ST:R officially began work in August 2002, and we could have released a perfectly playable campaign in summer 2004. The initial FREDding was complete, the initial beta testing was complete, and the campaign would have been easily recognizable to anyone who played the actual release. (In fact, one of these days I want to release the campaign as it was back then, since I have backups of all the missions at various points in time. I'd be interested to hear people's comparisons of it.)
ST:R is probably unusual among feature-creeped campaigns because none of the delay was due to HTL modelling. Instead, I kept pushing for more and more polishing and enhancement. We did several rounds of beta testing, and I rewrote several missions extensively (a few from scratch). This is all in addition to the standard occasional periods of inactivity, not to mention the four month detour to put together version 3.0 of the Port. And finally, when the campaign was essentially DONE in summer 2007, we spent a year and a half on voice acting.

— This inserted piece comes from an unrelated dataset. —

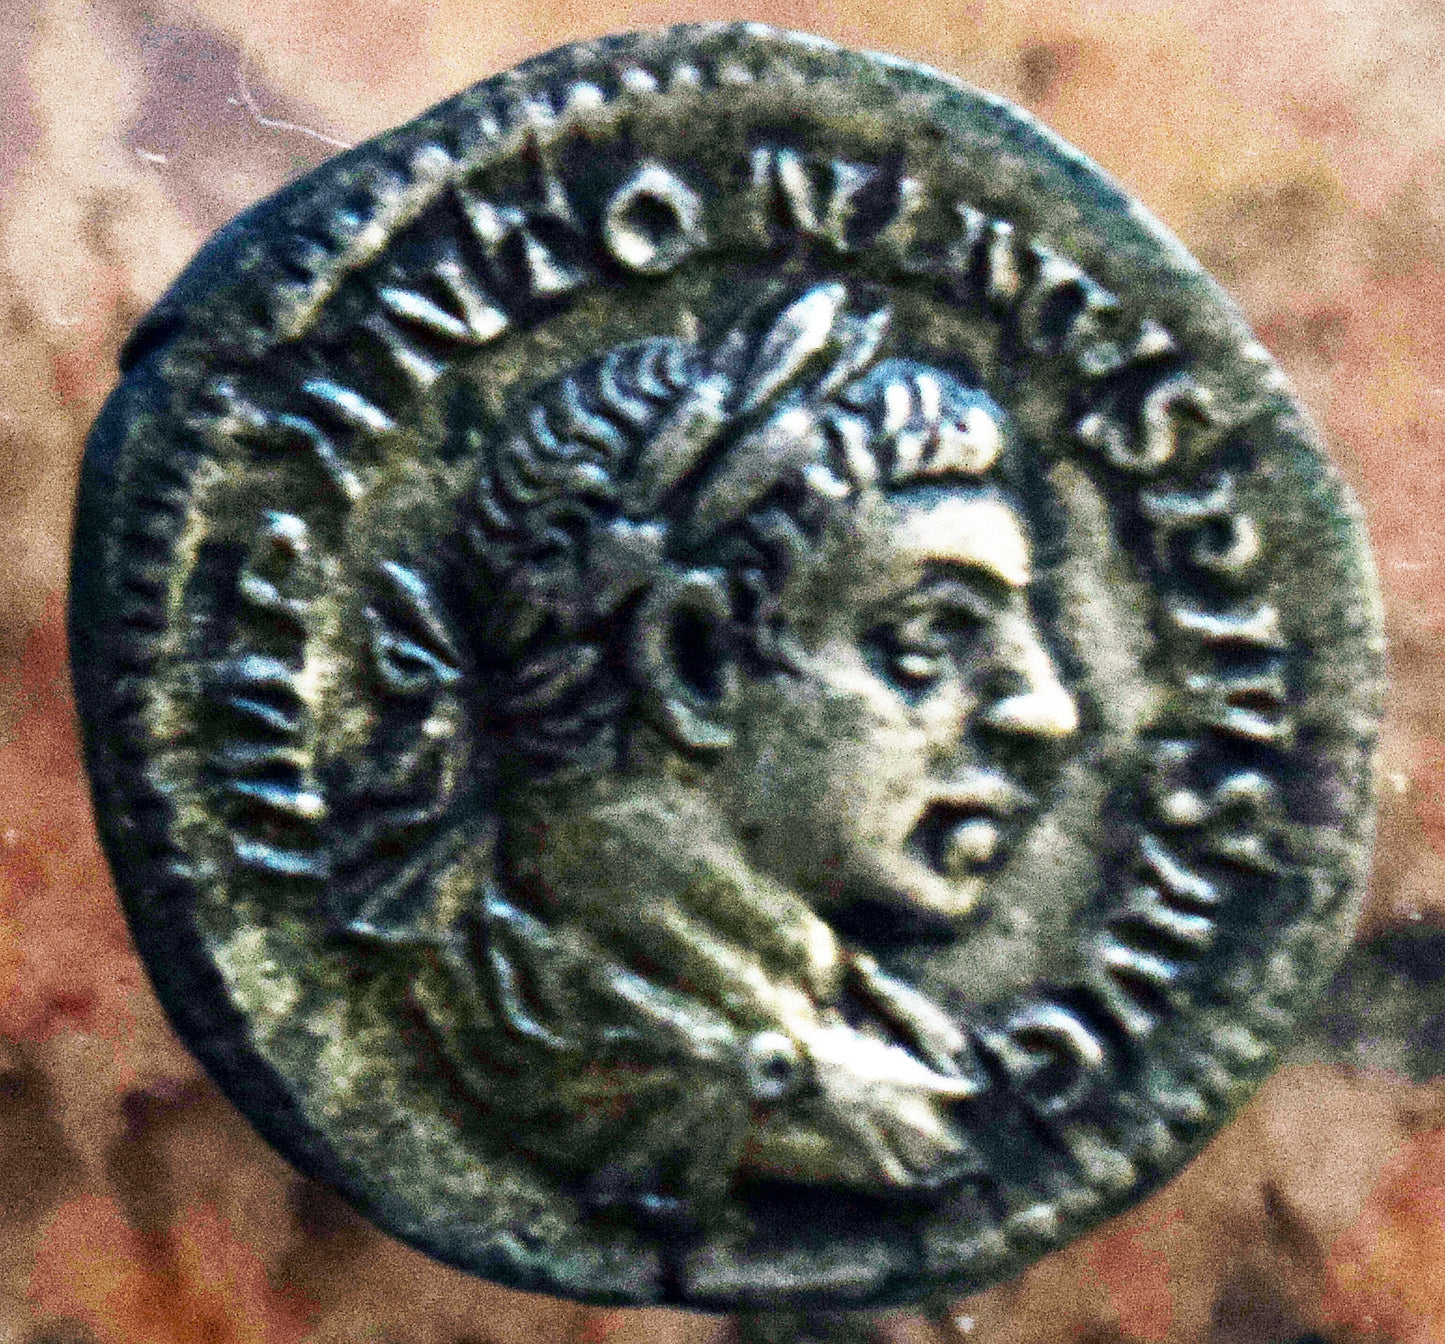 1800 year old Roman silver Denarius coin from the reign of Elagabalus
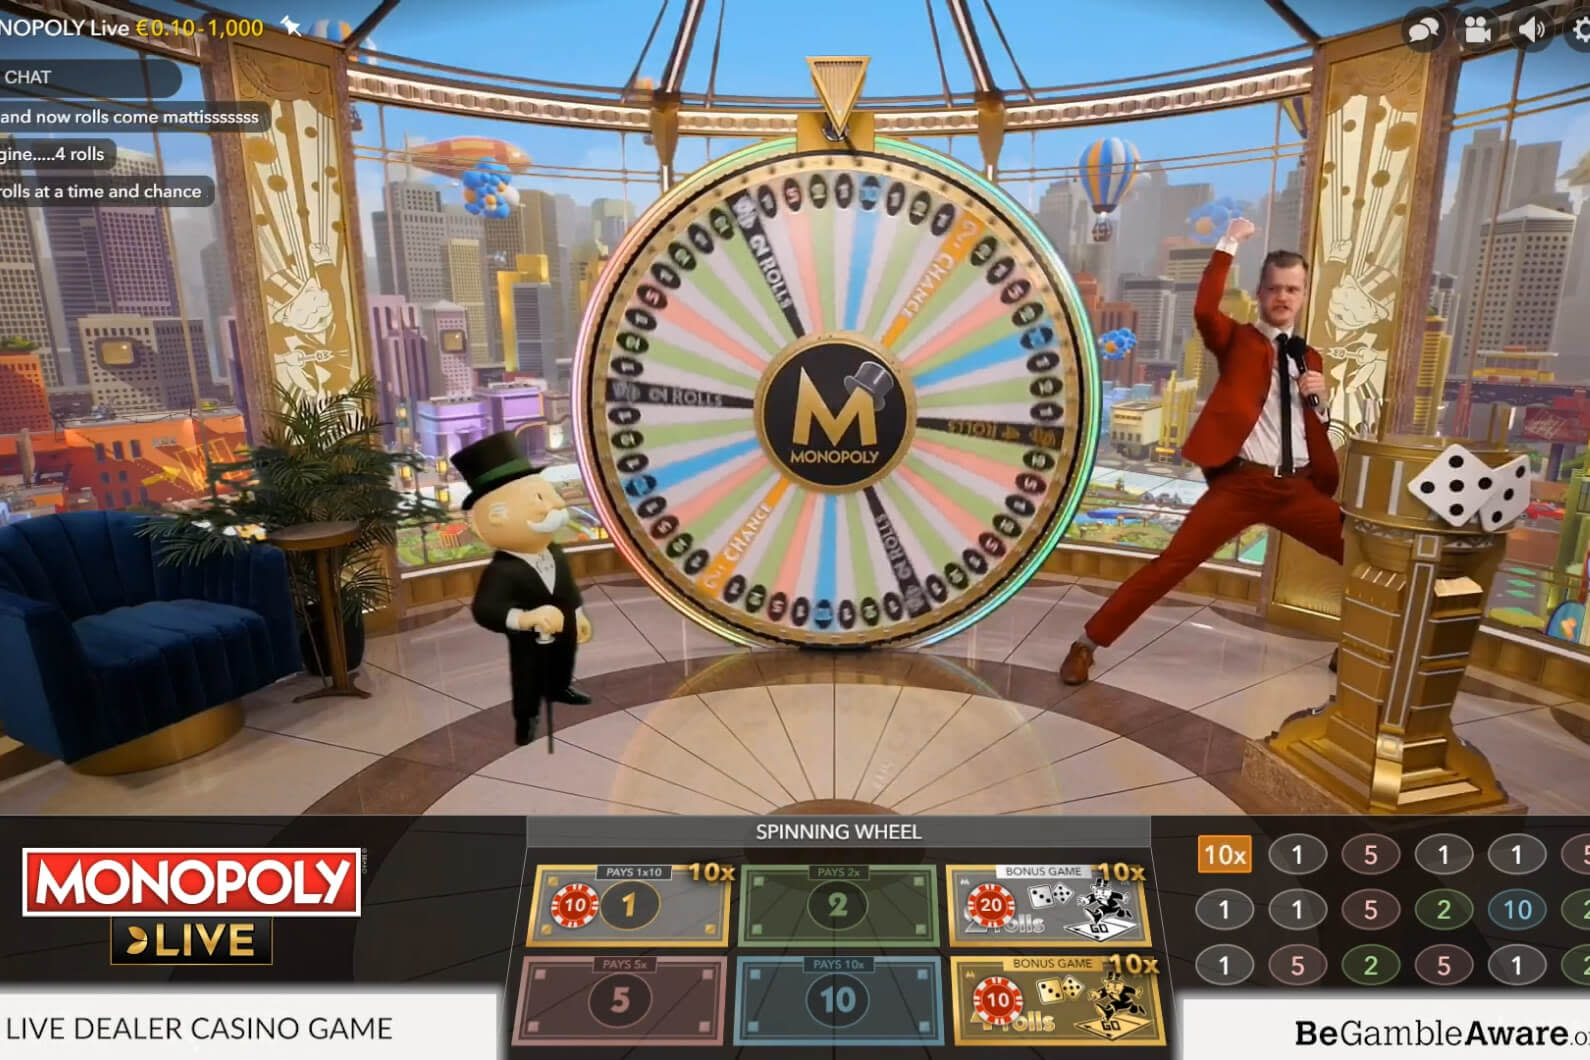 Monopoly live - Min max bets screenshot

If we had stuck to our original plan and released in summer of 2004, we would have released without the following things:
1) The Exodus, Blood of the Innocents, and Abandon Hope missions
2) The current versions of More than Meets the Eye, Ghosts, Secrets Reborn, and Last Stand
3) Voice acting (except for the sound effects in He Who Rides the Tiger)
4) The two mystery videos
5) The two trailers
6) Phoenix
7) A lot of mission polishing and bugfixing
And I suspect people would have been perfectly happy with it. But I wouldn't have been happy with it, because I would always be thinking of all the cool stuff I wanted to add.
The other question is whether we could have released in stages: the first draft, plus an enhanced draft, plus a final "director's cut" complete with voice acting. Instead, we waited until the director's cut was finished and released that. The reason I didn't do it that way was that I suspected many (perhaps not most, but a significant number) wouldn't bother playing the updated version if they played the original. Plus, the final release made much more of a "wow" impression than the 2004 release would have.

And then there's the danger of so many delays that the developers lose interest and the campaign essentially dies. Sometimes raw perseverance wins over feature creep (in the case of ST:R); sometimes feature creep wins (in the case of TVWP). TVWP was essentially abandoned, due to Lightspeed's disappearance and my preoccupation with ST:R, until Admiral Nelson came along and whipped it into shape. Even so, without a new project leader, TVWP is going to collapse once it staggers across the Chapter 1 finish line.
It's often hard to tell from the outside whether a campaign will conquer feature creep or not. And sometimes, even from the inside, the campaign leaders refuse to admit it to themselves.